A few months ago, I mentioned an article in Cell arguing that many results of genome-wide association studies are false positives. This is obviously wrong, and this week, a pair of letters to the editor (including one by Kai Wang summarizing arguments he made in various comment threads here and elsewhere) take the authors to task. The response from McClellan and King is laden with non sequiturs and simple factual errors, but they conclude:
We understand that many believe that most GWAS findings are valid….Currently, GWAS results fail to explain the vast majority of genetic influence on any human illness. Further, most risk variants implicated by GWAS have no demonstrated biological, functional, or clinical relevance for disease.

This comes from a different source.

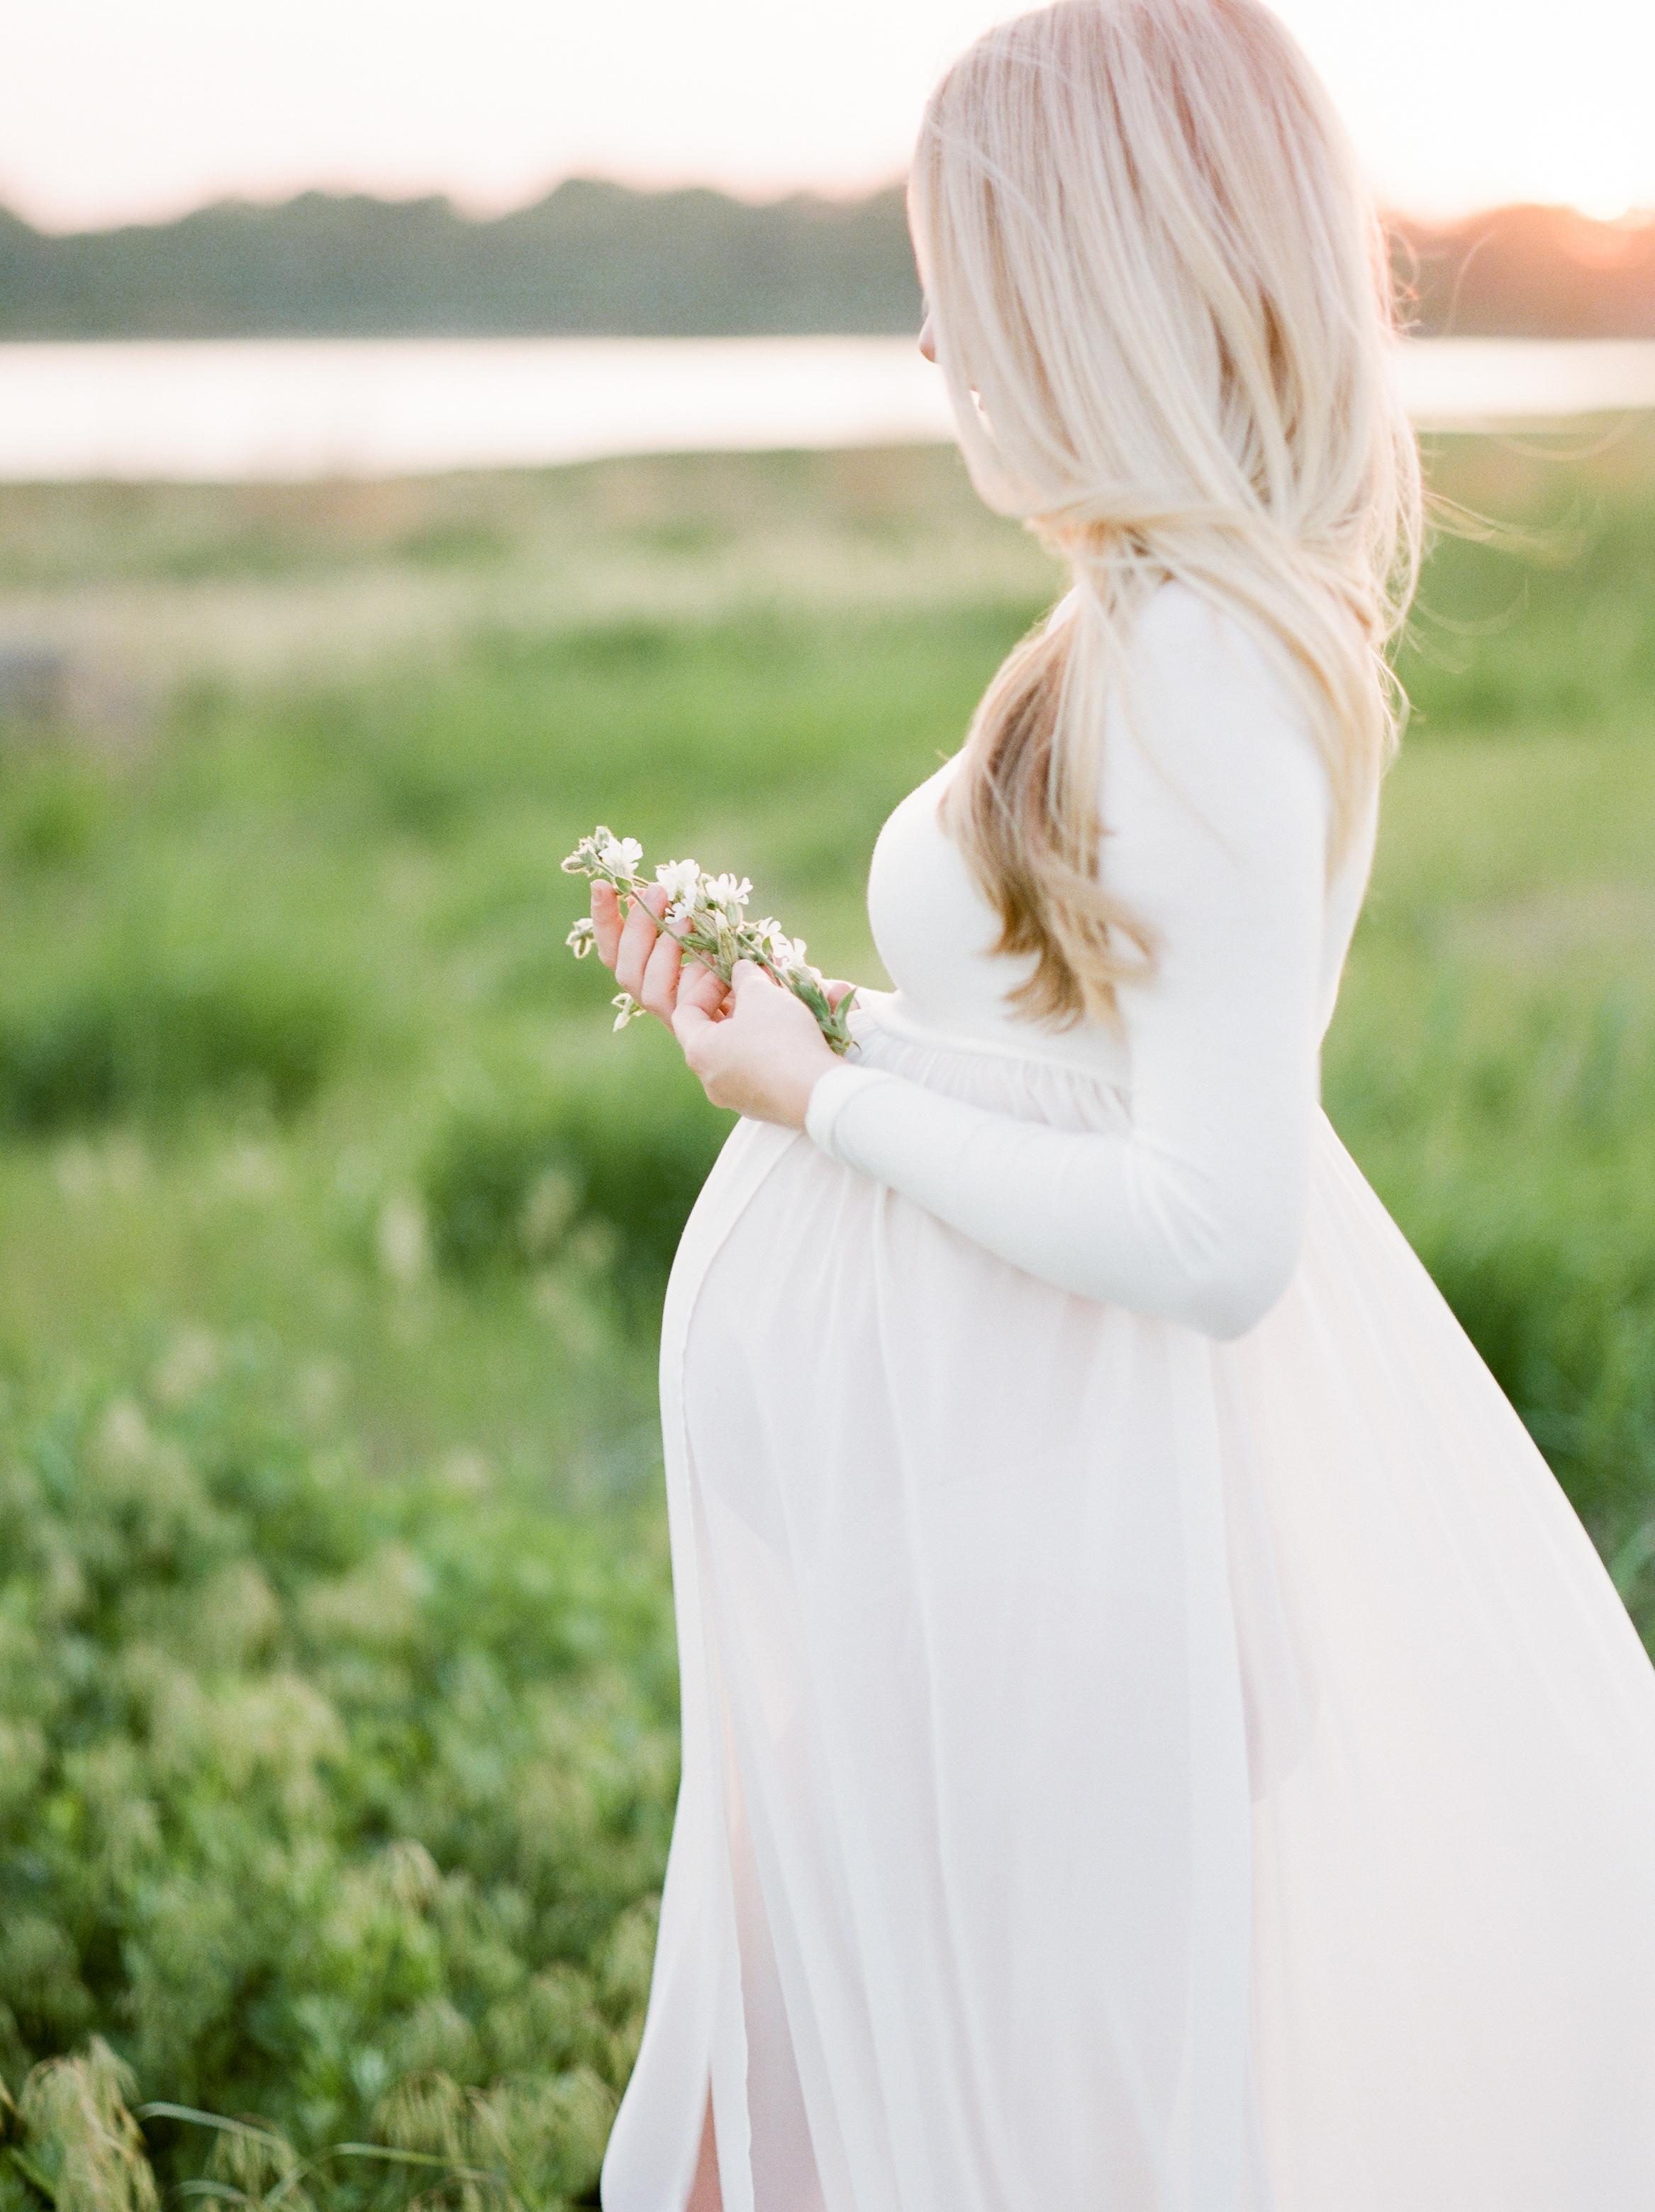 olya_vitulli_photography_martyna_maternity-1-56.jpg

I’ve bolded the last sentence there, because it’s somewhat ironic that this was published the day after an epic genome-wide association study titled “Biological, clinical and population relevance of 95 loci for blood lipids“. This paper is worth a read not just if you’re interested in lipids, but because of the massive effort put into functional characterization of the identified loci. For a few genes, the authors are able to show that altering the expression level of the gene in mice leads to the exact phenotype they’d expect, highlighting a number of potential therapeutic targets. At one gene, a companion paper describes a heroic series of experiments to identify the precise mechanism by which a non-coding SNP exerts its effect.
I allow myself to hope that these sorts of experiments will lead to a push back against the bizarre notion that associations between non-coding polymorphisms and disease are somehow suspect.